VEDANT JORE
4 min readJun 5, 2021
created by vedant jore

Confusion matrix is fairly common term when it involves machine learning. Today i am trying to relate the importance of confusion matrix when considering the cyber crimes.

Now in this article i’m going to feed you delicious breakfast about confusion matrix in cyber security.

So before we jump deep we should initially let’s figure out about what a confusion matrix is

What is the Confusion Matrix?

A confusion matrix is a matrix that plots the quantity of correct predictions against the quantity of incorrect predictions. For a binary classifier, this is able to mean the quantity of true negatives and true positives (correct predictions) versus the quantity of false negatives and false positives (incorrect predictions)

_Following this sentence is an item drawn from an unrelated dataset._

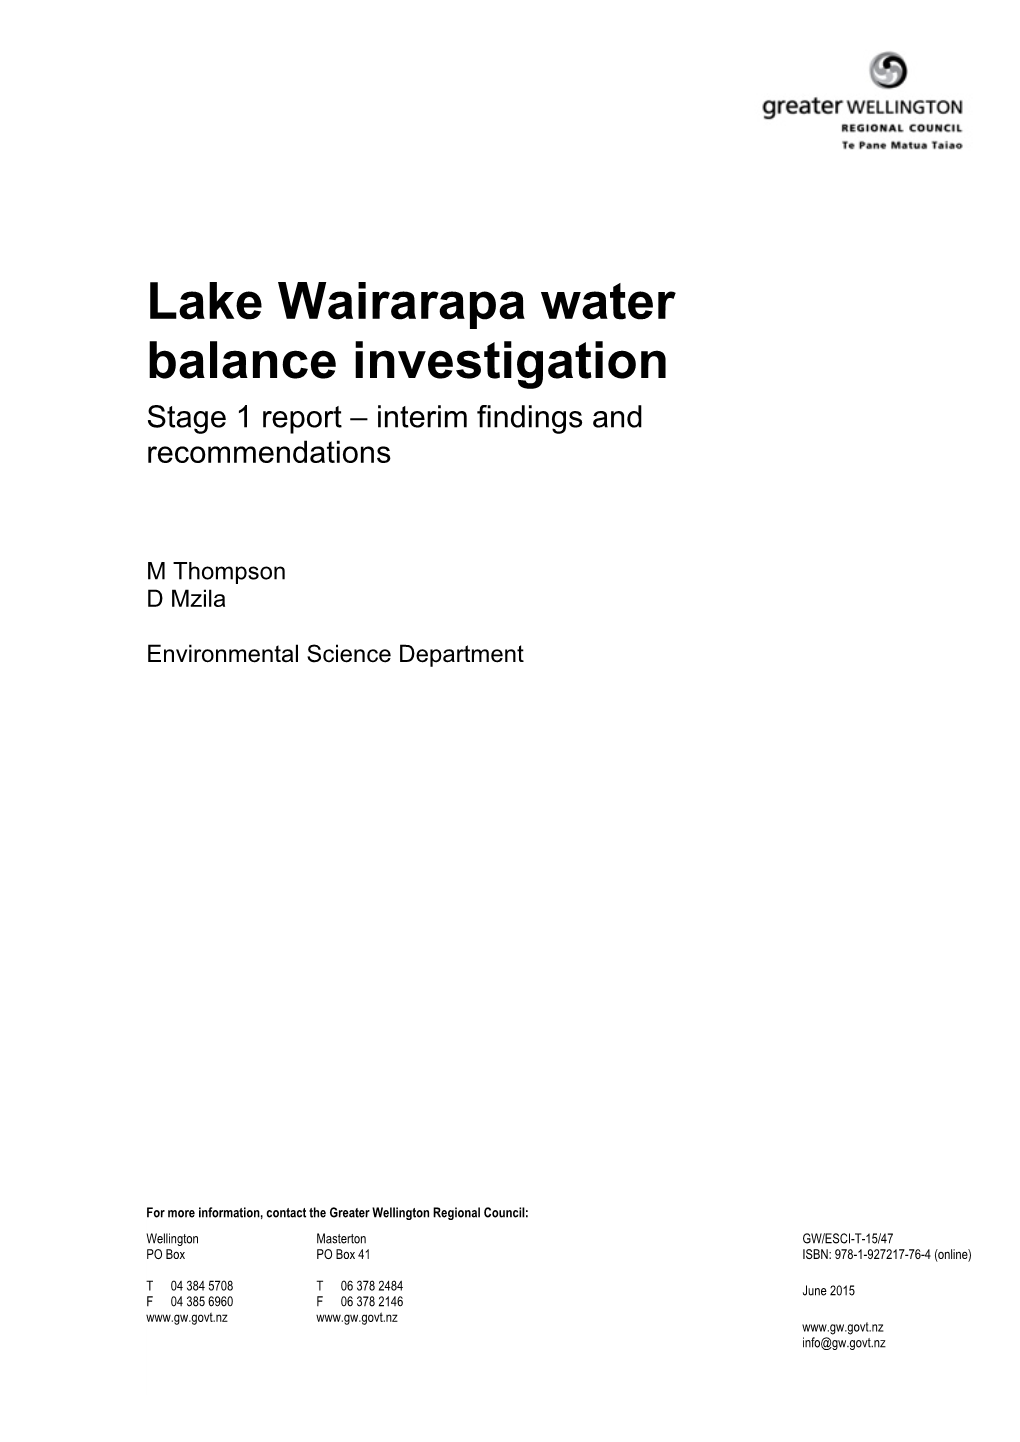 Lake Wairarapa Water Balance Investigation Stage 1 Report – Interim Findings and Recommendations

Architecture of the Confusion Matrix

The size of the matrix is directly proportional to the amount of output classes. It’s a matrix where we assume the column headers as actual values and therefore the row headers as model predictions. Predicted positive and it’s true are True Positives (TP), predicted negative and it’s true are True Negatives (TN), predicted positive and it’s false are False Positives (FP) and predicted negative and it’s false are False Negatives (FN). Let’s have a look..

It is a table with 4 different combinations of predicted and actual values. It’s extremely useful for measuring Recall, Precision, Specificity, Accuracy and most significantly AUC-ROC Curve

How about we comprehend TP, FP, FN, TN as far as pregnancy relationship

  • True Positive:

Interpretation: You predicted positive and it’s true.

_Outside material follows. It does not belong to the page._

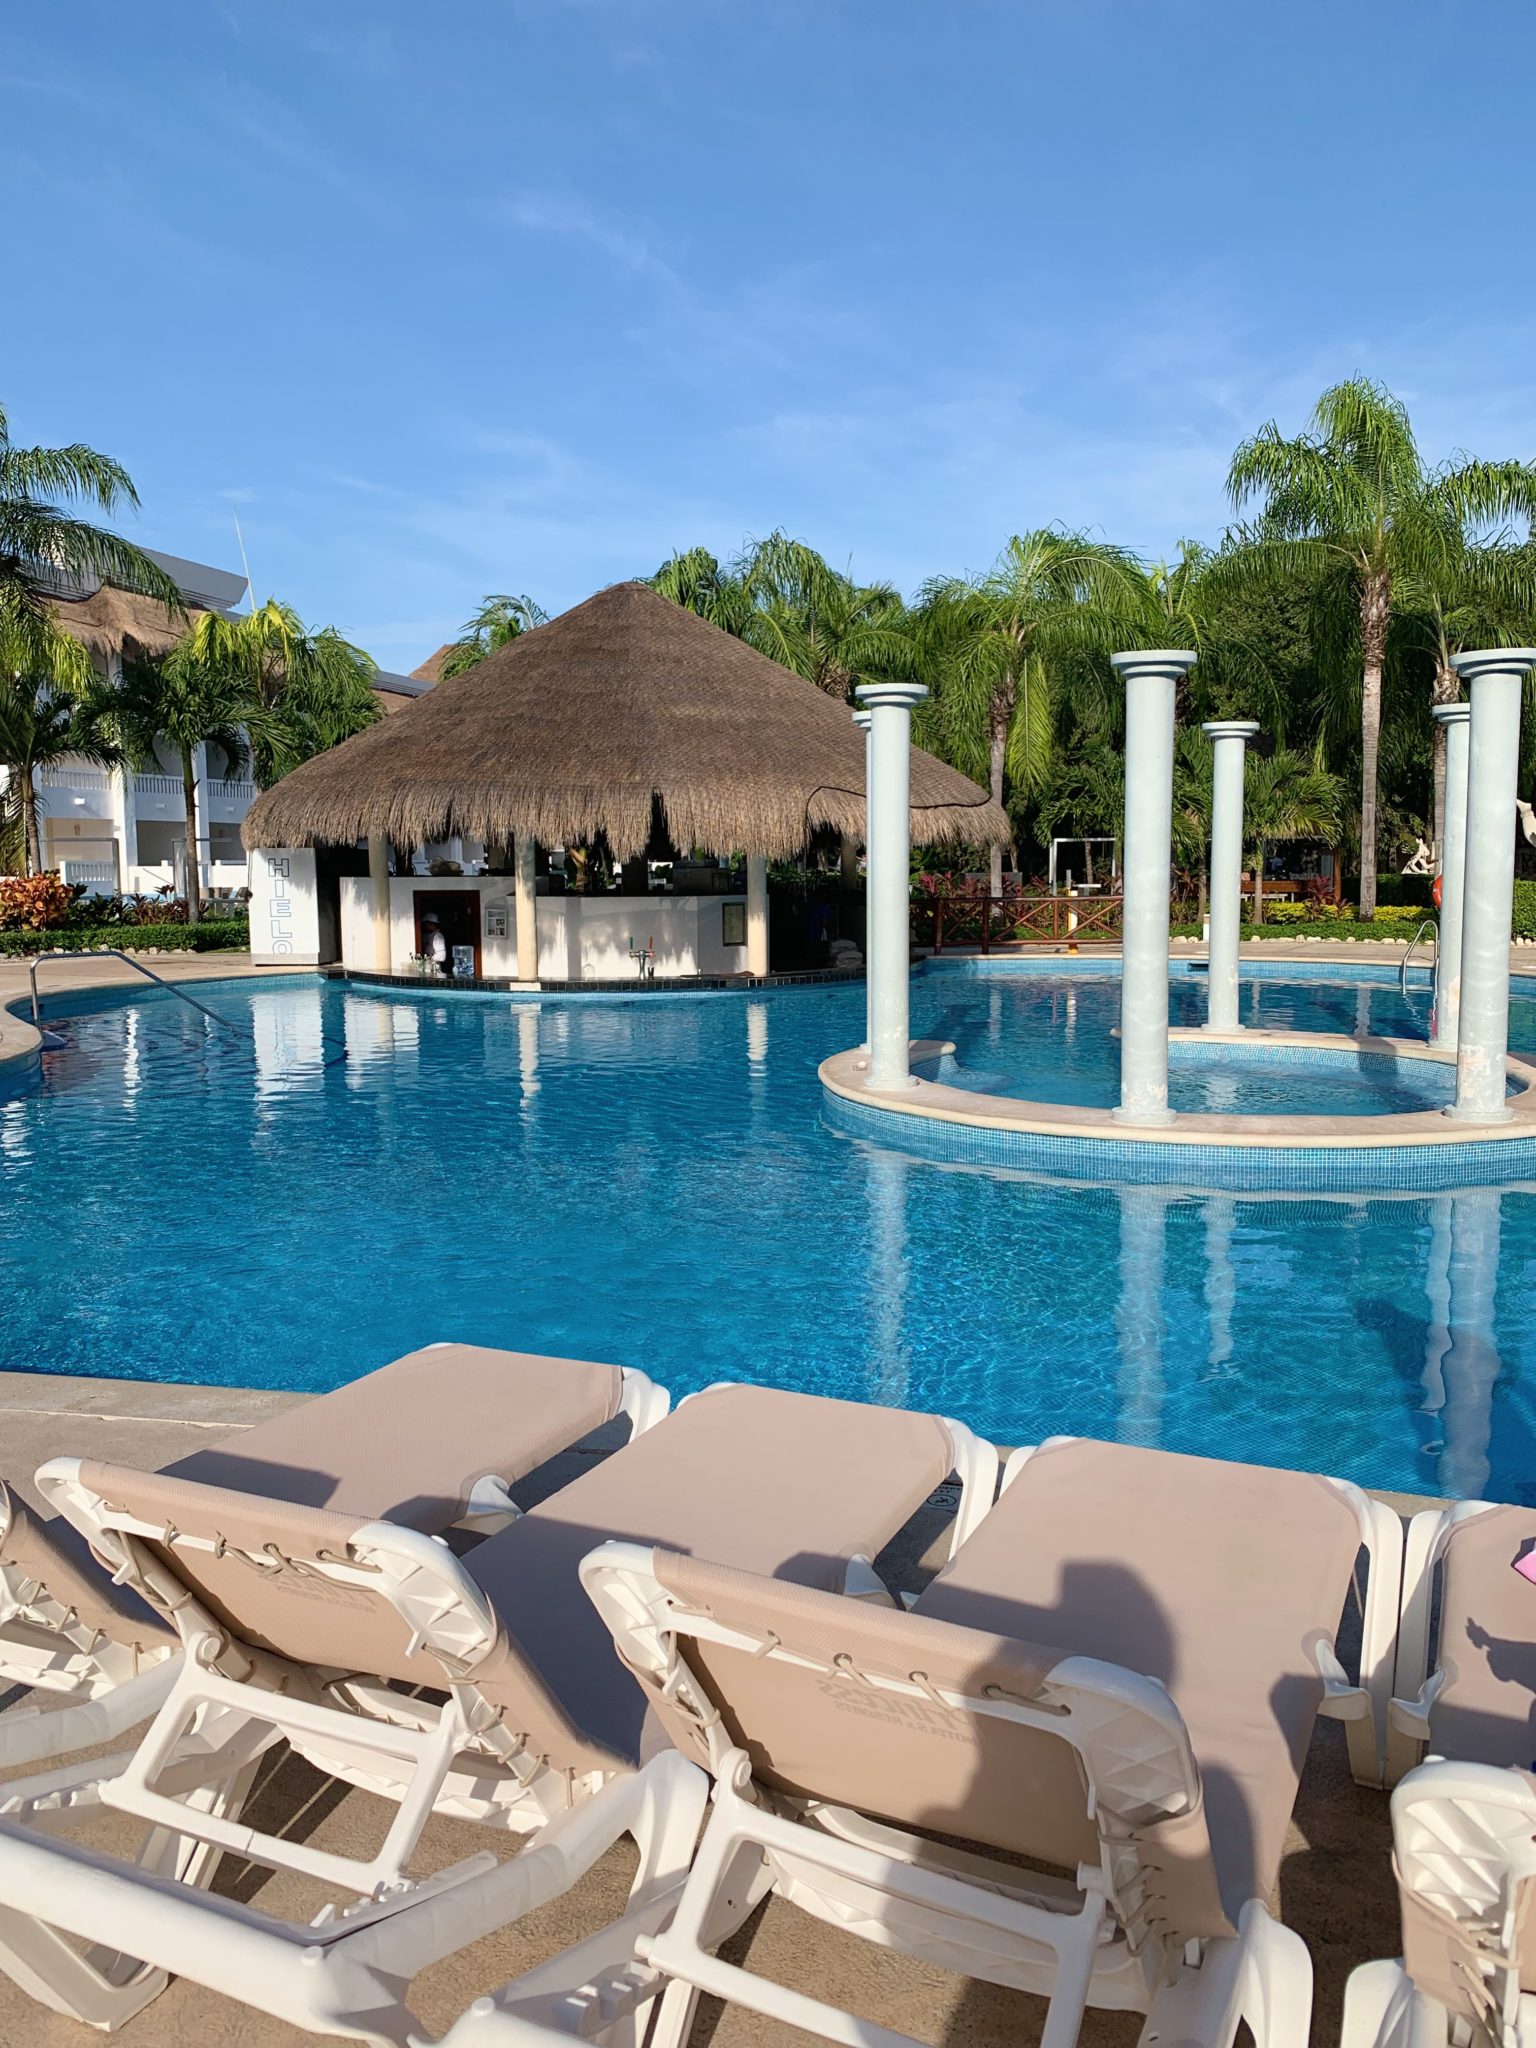 Grand Sunset Princess Resort Review in Mexico

You predicted that a woman is pregnant and she actually is.

  • True Negative:

Interpretation: You predicted negative and it’s true.

You predicted that a man is not pregnant and he is actually not.

  • False Positive: (Type 1 Error)

Interpretation: You predicted positive and it’s false.

You predicted that a man is pregnant but he is actually not.

  • False Negative: (Type 2 Error)

Interpretation: You predicted negative and it’s false.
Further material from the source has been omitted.